SEATTLE, WA—Cognitive behavioral therapy for insomnia (CBT-I) is highly effective when administered by a trained sleep physician, and can be successfully integrated into standard clinical practice, according to data presented at SLEEP 2015 by Brandon R. Peters, MD, Stanford University Department of Psychiatry and Behavioral Sciences, Redwood City, CA.

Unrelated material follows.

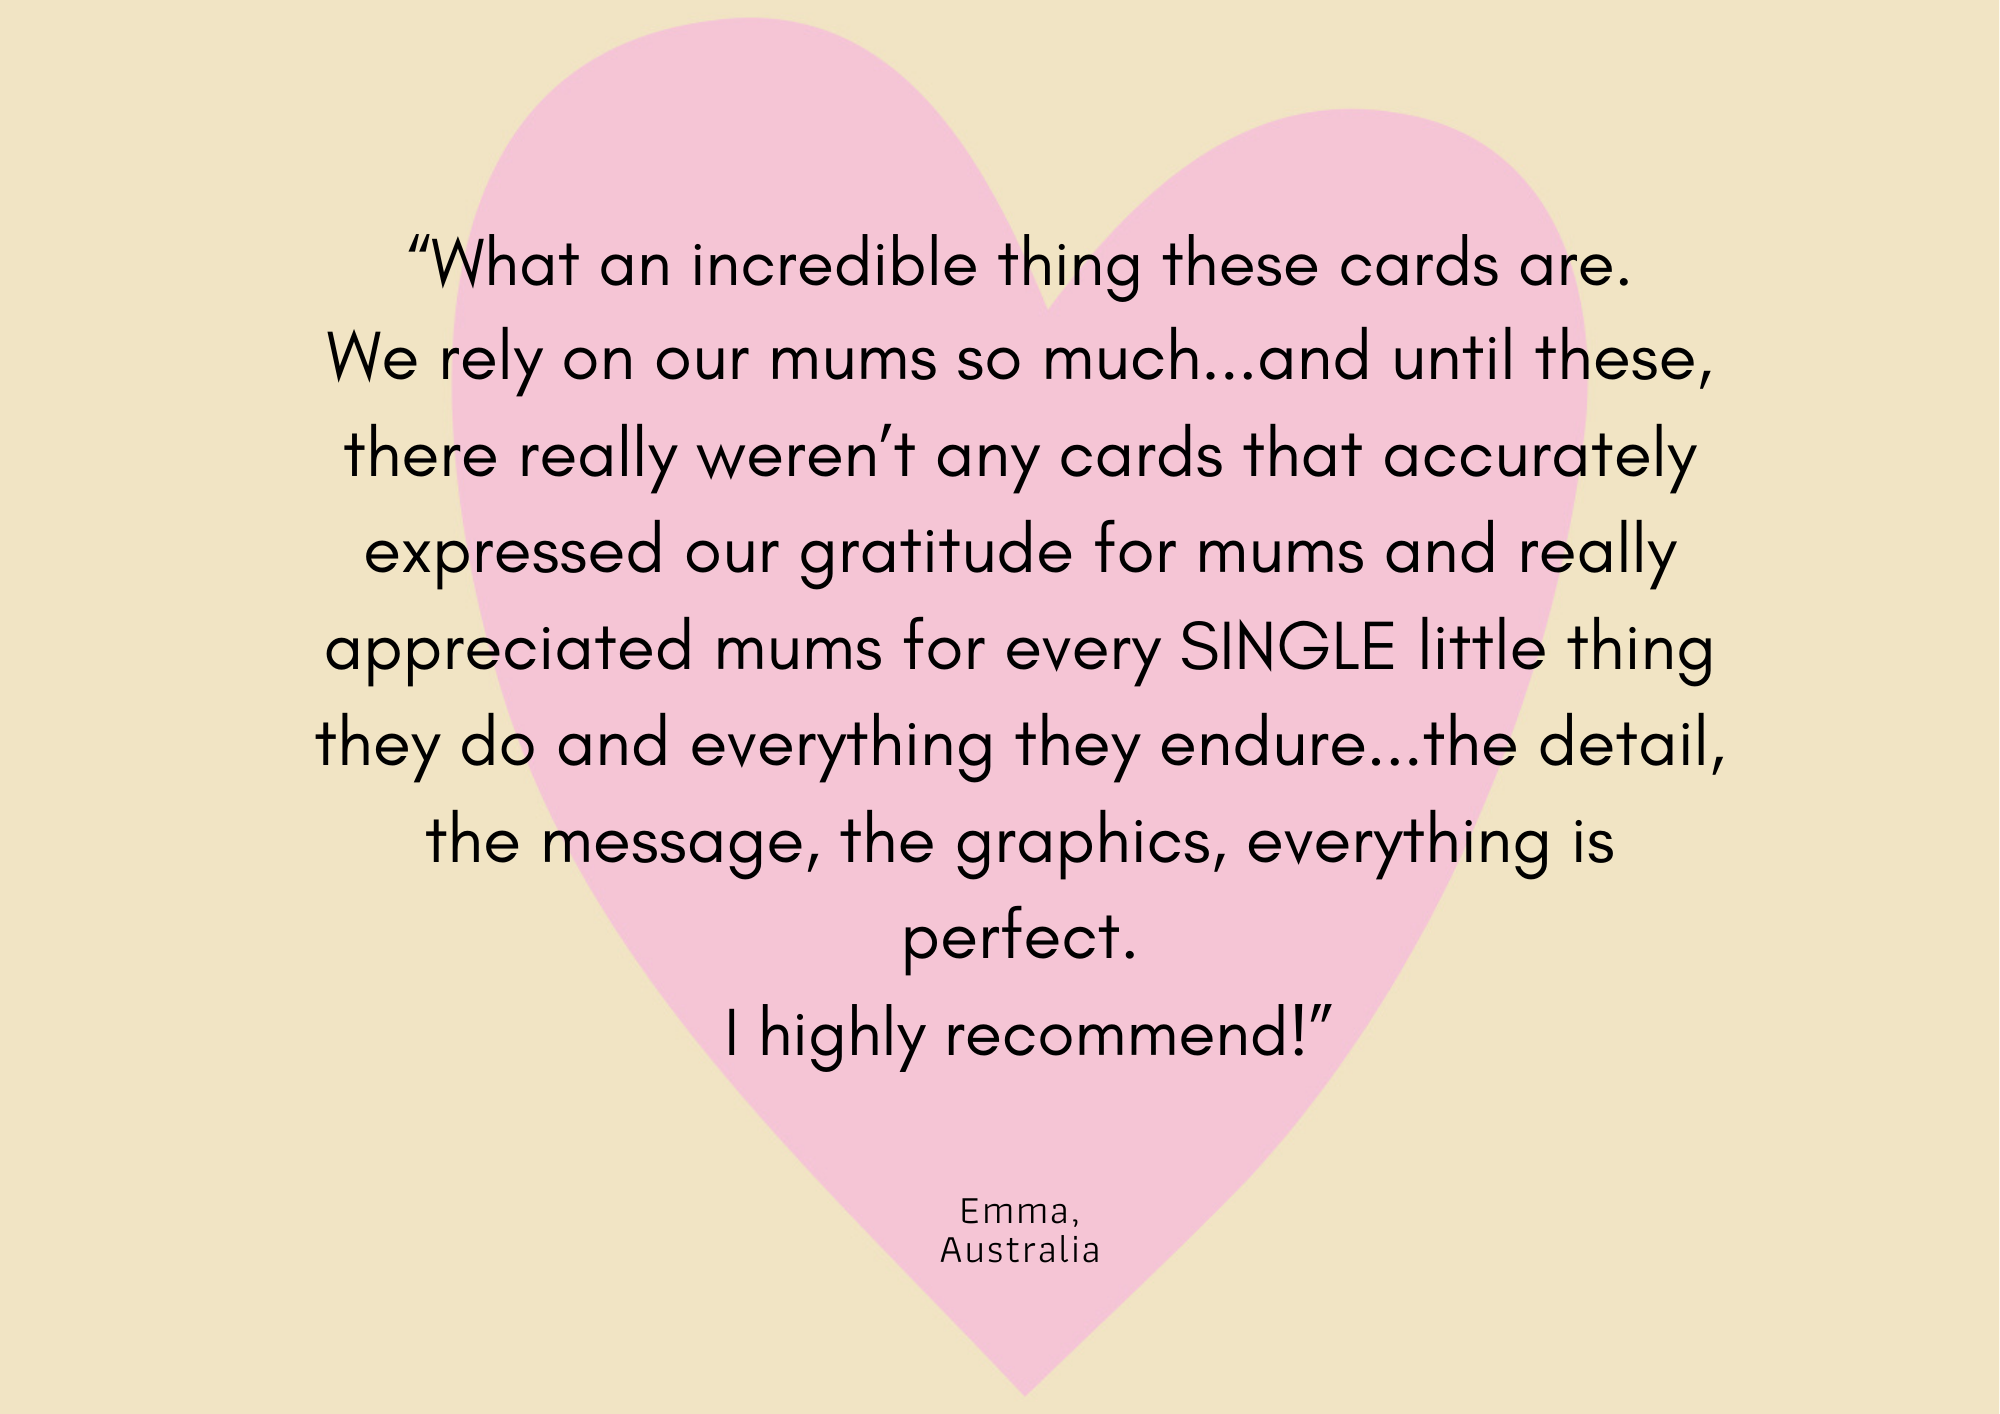 The background is yellow with a pink heart in the middle. Overlayed on this is text that reads what an incredible thing these cards are. We rely on our mums so much and until these there weren't really any cards that accurately expressed our gratitude for mums and really appreciated every single little things mums do and everything they endure. the detail, the message, the graphics, everything is perfect. I highly recommend. Emma, Australia.

At present, CBT-I is usually conducted by psychologists and few sleep physicians are formally trained and actively practice this intervention, so the effectiveness and merits of CBT-I as administered by a sleep physician in a community-based clinic is unknown, Dr. Peters explained.

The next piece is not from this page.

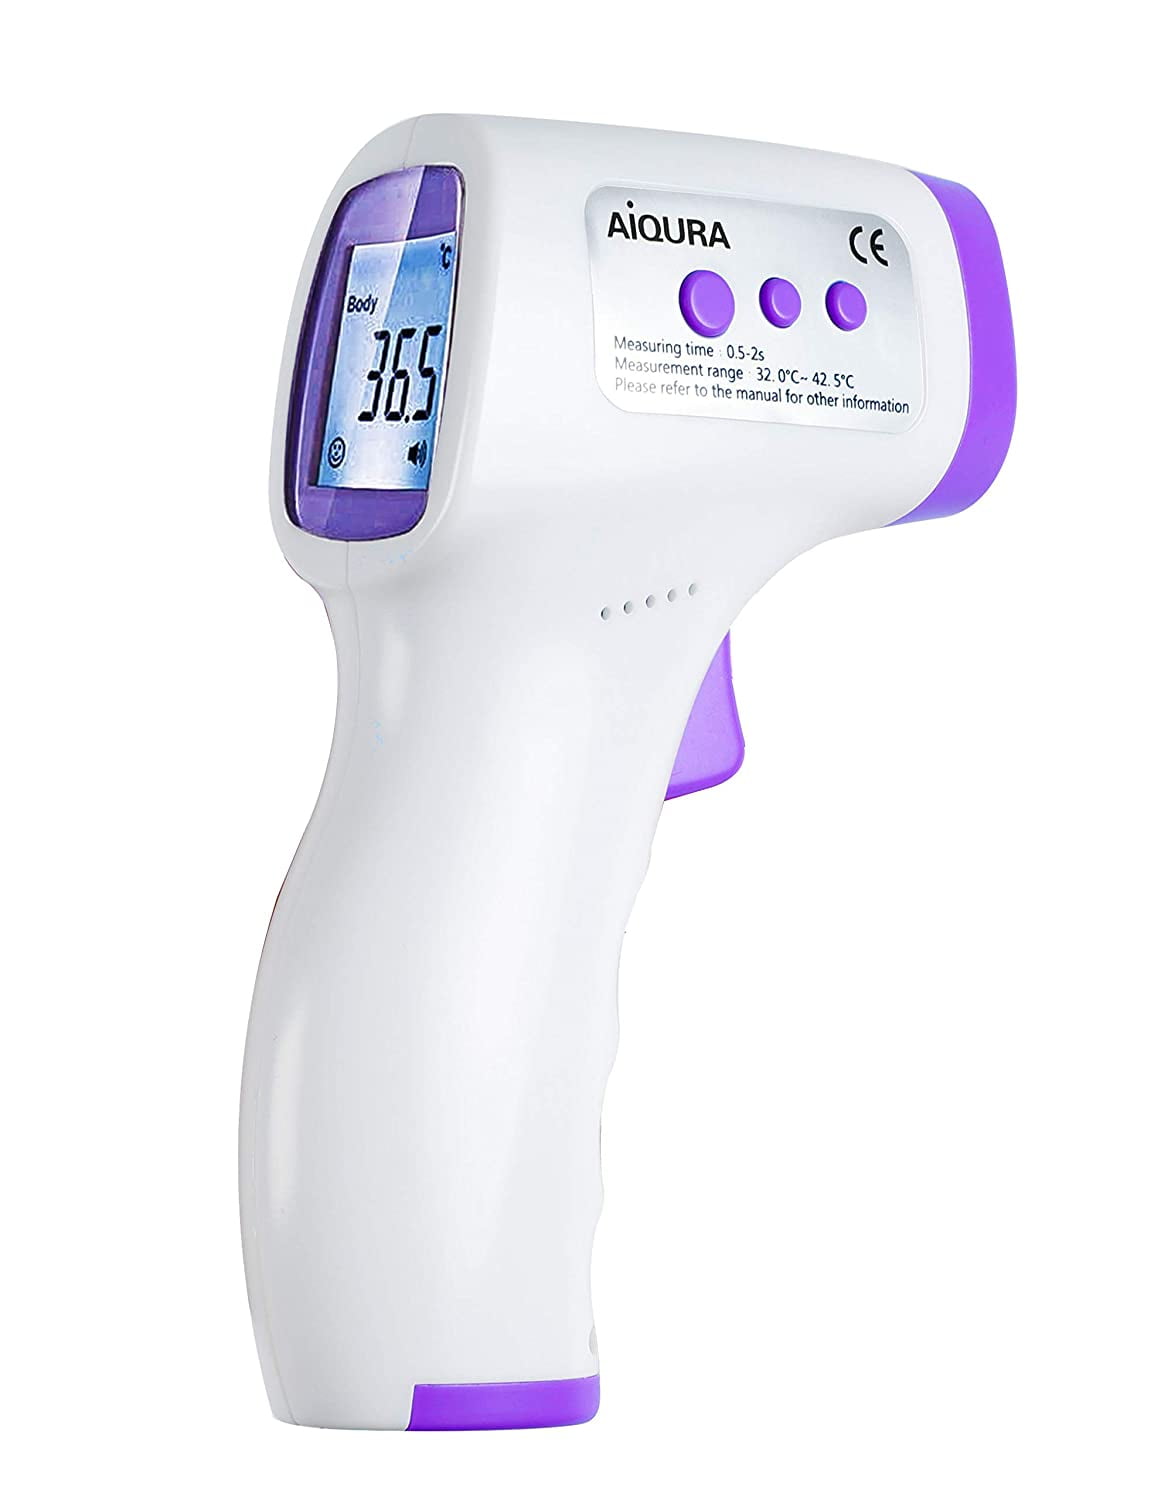 Baby Digital IR Infrared Body Thermometer Non-Contact Laser Temperature Gun Sale

For this reason, Dr. Peters performed a retrospective chart review of 110 patients presenting with chronic insomnia during a one-year period, who were enrolled in CBT-I with a formally trained sleep physician at a community-based clinic. The modified program, which consisted of 4–6 sessions lasting 30–60 minutes, emphasized sleep education, sleep consolidation, and relaxation training. Subjects had to complete at least four sessions and have adequately completed sleep logs. Subjects with sleep apnea that interfered with compliance were excluded. Outcomes measured included changes in sleep-onset latency, wakefulness after sleep onset, total sleep time, and sleep efficiency from baseline to conclusion of the program.

Of the 89 subjects who met criteria, 65% were women and 35% men, with mean age 60.69 years (ranging from 12– 90 years). At baseline, 66 subjects (74.2%) used sleep medication, and 58 subjects (65.2%) were identified as having obstructive sleep apnea (AHI>5).

Improvements were observed in all averaged measures from baseline to program end: sleep onset latency (55.5 to 22.5 minutes), wakefulness after sleep onset (45.17 to 25.21 minutes), total sleep time (6.22 to 6.25 hours), and sleep efficiency (74.0% to 85.5%).

Study findings revealed comparable outcomes to published CBT-I data administered by psychologists. Board-certified sleep physicians who administer CBT-I in standard clinical practice “may be better equipped to taper sleeping pills and to identify and treat comorbid sleep conditions,” Dr. Peters concluded.